• DATA BELOW:
= = =

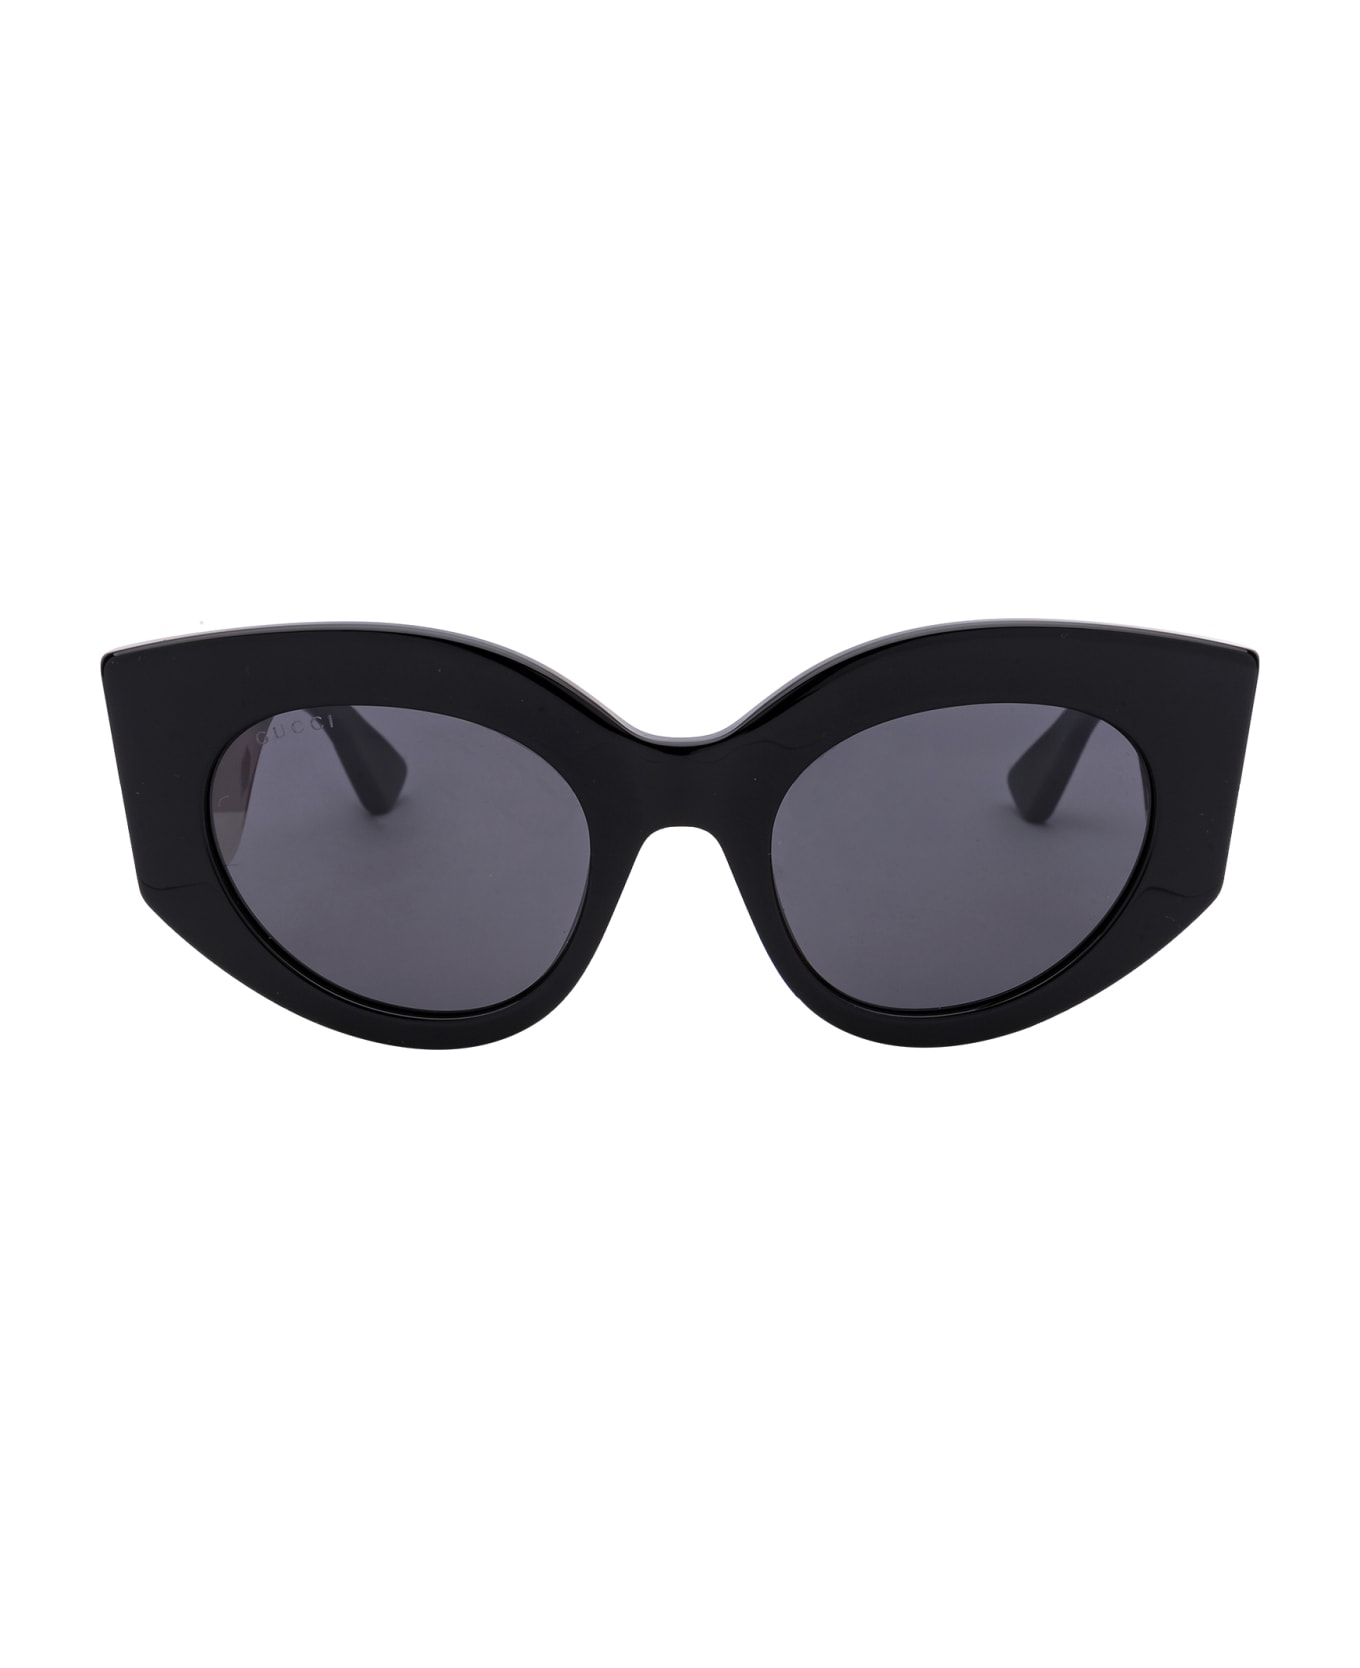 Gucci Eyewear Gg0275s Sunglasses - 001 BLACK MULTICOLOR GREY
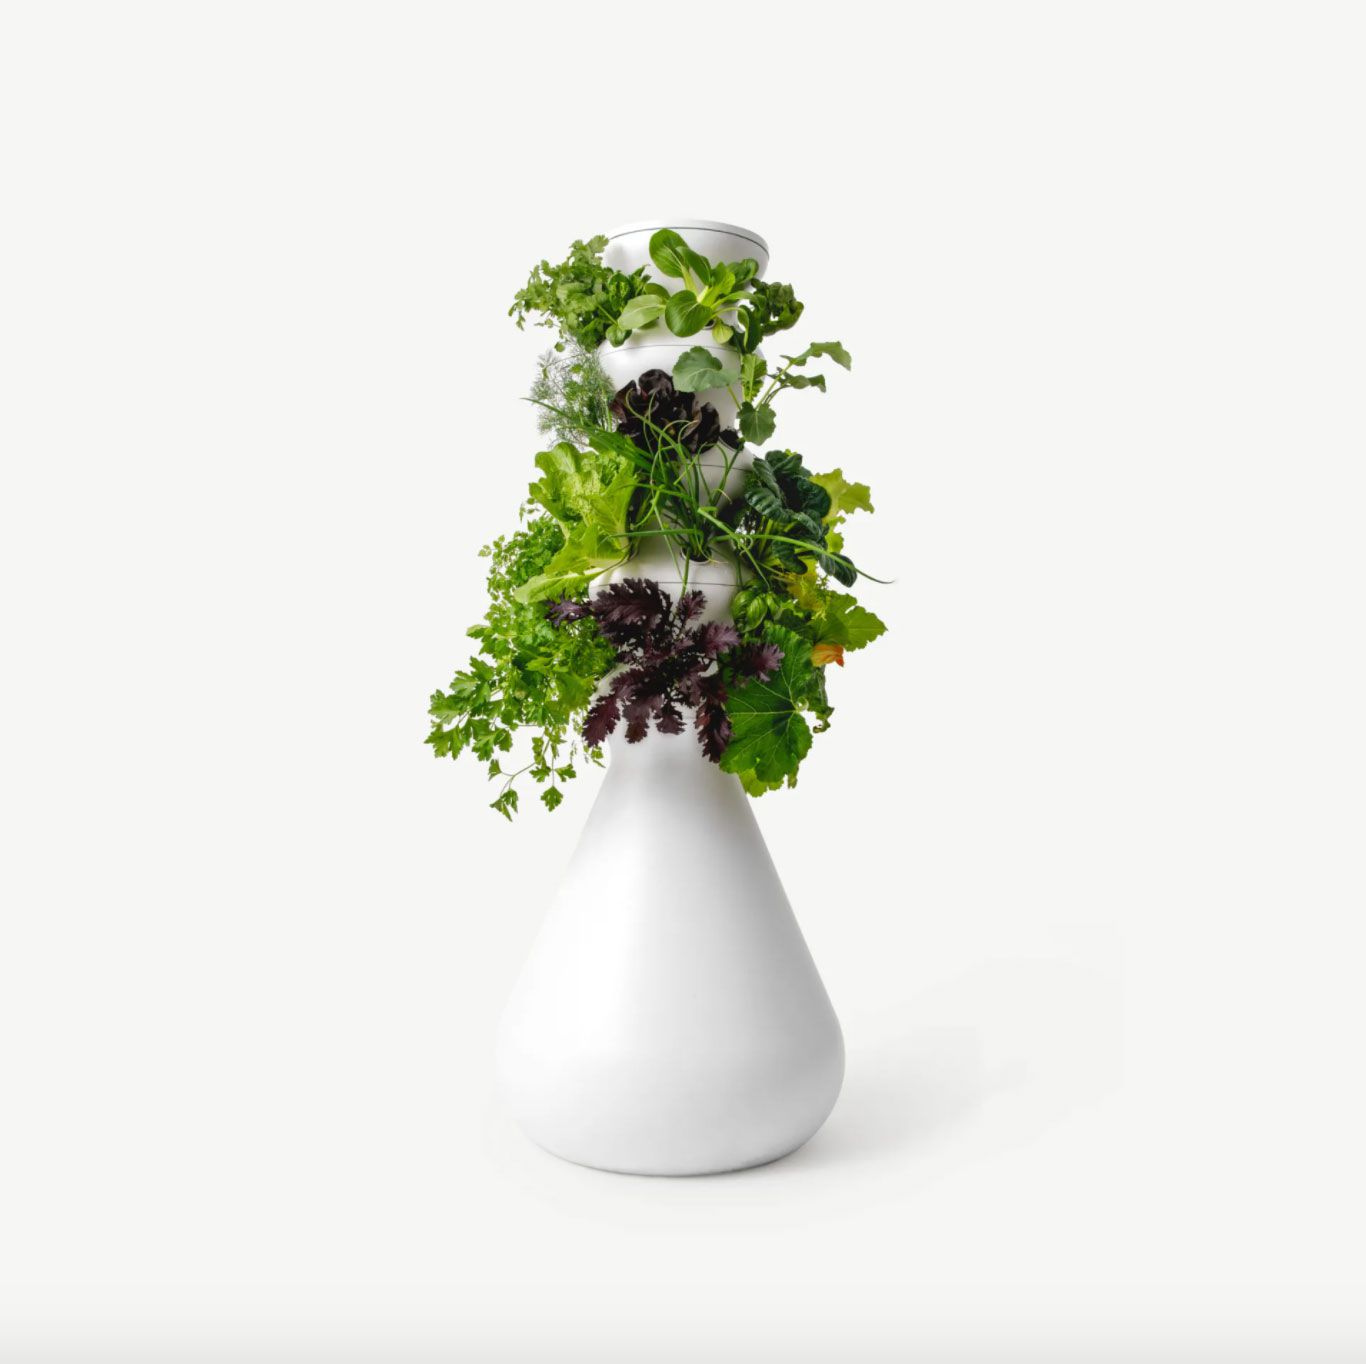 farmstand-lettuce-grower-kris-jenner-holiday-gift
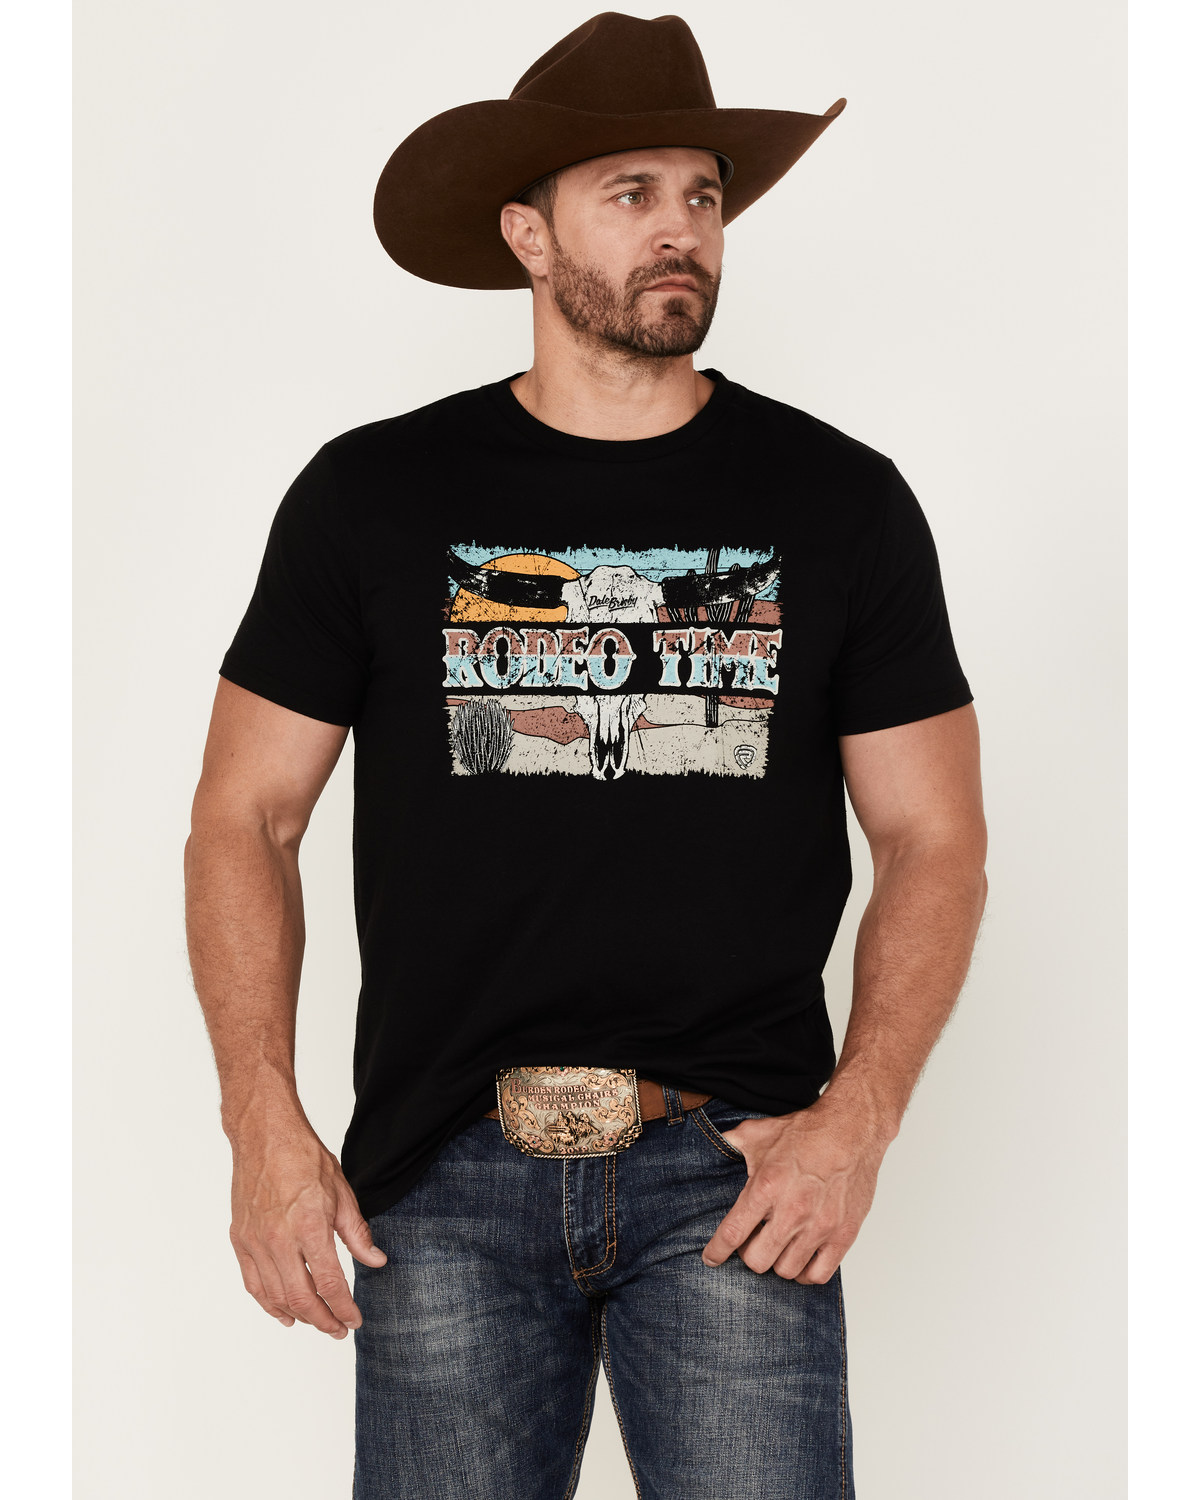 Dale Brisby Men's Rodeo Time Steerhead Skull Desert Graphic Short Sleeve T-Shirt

= = =

• WORK TASK:
The listing above is to be written out again exactly, with its pictures omitted.

• ANSWER TO THE EXERCISE:
 Gucci Eyewear Gg0275s Sunglasses - 001 BLACK MULTICOLOR GREY
 farmstand-lettuce-grower-kris-jenner-holiday-gift
 Dale Brisby Men's Rodeo Time Steerhead Skull Desert Graphic Short Sleeve T-Shirt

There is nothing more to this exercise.